Safran 2,4% sur Thundart 150 km|Laccord Iran menace-t-il la thèse défense ?

· CAC

Le contrat Thundart et ce qu'il change vraiment

Safran prend 2,4% en séance après l'annonce d'une entrée en négociations exclusives avec la DGA pour fournir Thundart, le successeur du lance-roquettes unitaire. Ce système de frappe de précision à 150 km, développé avec MBDA, vise une livraison initiale dès 2029 et 26 systèmes commandés avant 2030 pour un marché estimé à 600 millions d'euros. La question n'est pas de savoir si ce contrat est positif pour Safran — il l'est. La question est de savoir sur quelle force repose ce carnet de commandes.

Le point que le consensus rate ici : Thundart n'est pas un contrat de crise. Il résulte de la Loi de Programmation Militaire 2024-2030 actualisée, votée bien avant la guerre Iran–États-Unis. Safran avait également remporté la veille un contrat Skyjacker auprès d'un pays européen non dévoilé, et signé un protocole d'accord avec le conglomérat émirati Edge pour deux coentreprises de missiles. Trois contrats distincts, trois acheteurs distincts, sur une même journée à Eurosatory. Ce n'est pas un pic de crise : c'est une infrastructure de commandes pluriannuelles.

Le bottleneck qui décide de la thèse n'est donc pas le prix du pétrole ou la tension au Moyen-Orient — c'est la continuité du budget défense européen. Tant que les parlements européens maintiennent leurs engagements LPM, le carnet de Safran tient indépendamment de la diplomatie iranienne.

L'accord Iran comme faux signal baissier

L'accord de paix États-Unis–Iran signé ce 16 juin a fait reculer le pétrole de 4,7% et le WTI est retombé sous 77 dollars. La lecture automatique : si la prime de risque géopolitique disparaît, les valeurs défense corrigent. C'est la logique qui pousse à encaisser Safran aujourd'hui.

Mais cette logique repose sur une hypothèse non vérifiée dans les articles : que la hausse de Safran était principalement une prime de risque iranienne. Or, la DGA avait écarté le HIMARS américain, le Pinaka indien et le K239 Chunmoo sud-coréen pour choisir Thundart — ce choix de souveraineté industrielle n'a rien à voir avec la guerre au Moyen-Orient. Le réarmement européen face à la menace russe, confirmé à Eurosatory par la ministre des Armées Catherine Vautrin, est une dynamique indépendante du dossier iranien.

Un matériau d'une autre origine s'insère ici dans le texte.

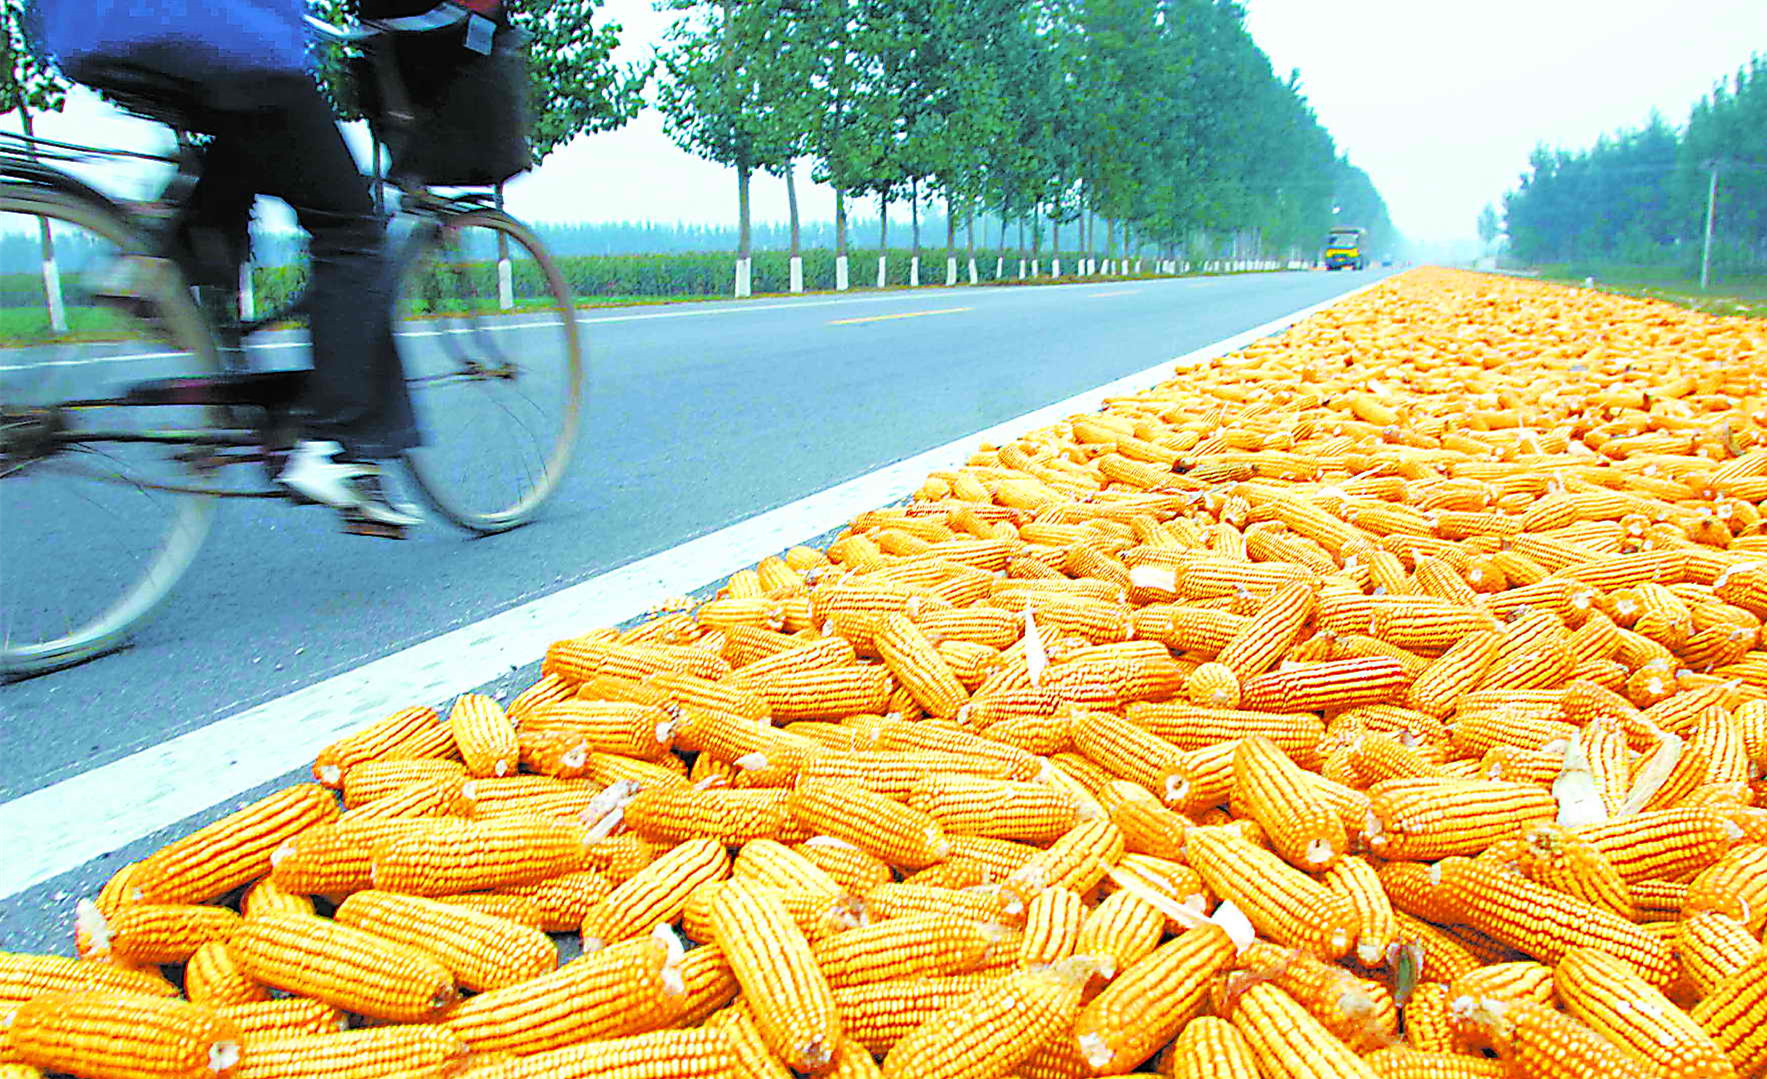 玉米行情出分歧,山东跌、港口涨,好事还是坏事?

Il faut cependant nommer le vrai risque : l'accord Iran ouvre 60 jours de négociations techniques sur le nucléaire et les sanctions. Si ces négociations aboutissent à un désarmement progressif au Moyen-Orient, les parlements européens pourraient réviser leurs ambitions LPM à la baisse au nom du "dividende de paix". Ce scénario n'est pas dans les articles d'aujourd'hui — mais c'est la variable qui briserait la thèse Safran, pas l'accord de cessez-le-feu lui-même.

Pour le détenteur : la question n'est pas d'encaisser les +2,4% d'aujourd'hui, mais de surveiller si le budget LPM 2024-2030 est remis en question lors des prochains débats parlementaires. Pour le candidat à l'entrée : le signal d'achat n'est pas la tension iranienne — c'est la signature officielle du contrat Thundart post-négociations exclusives DGA, attendue dans les prochaines semaines. Tant que cette signature n'est pas intervenue, les négociations restent réversibles.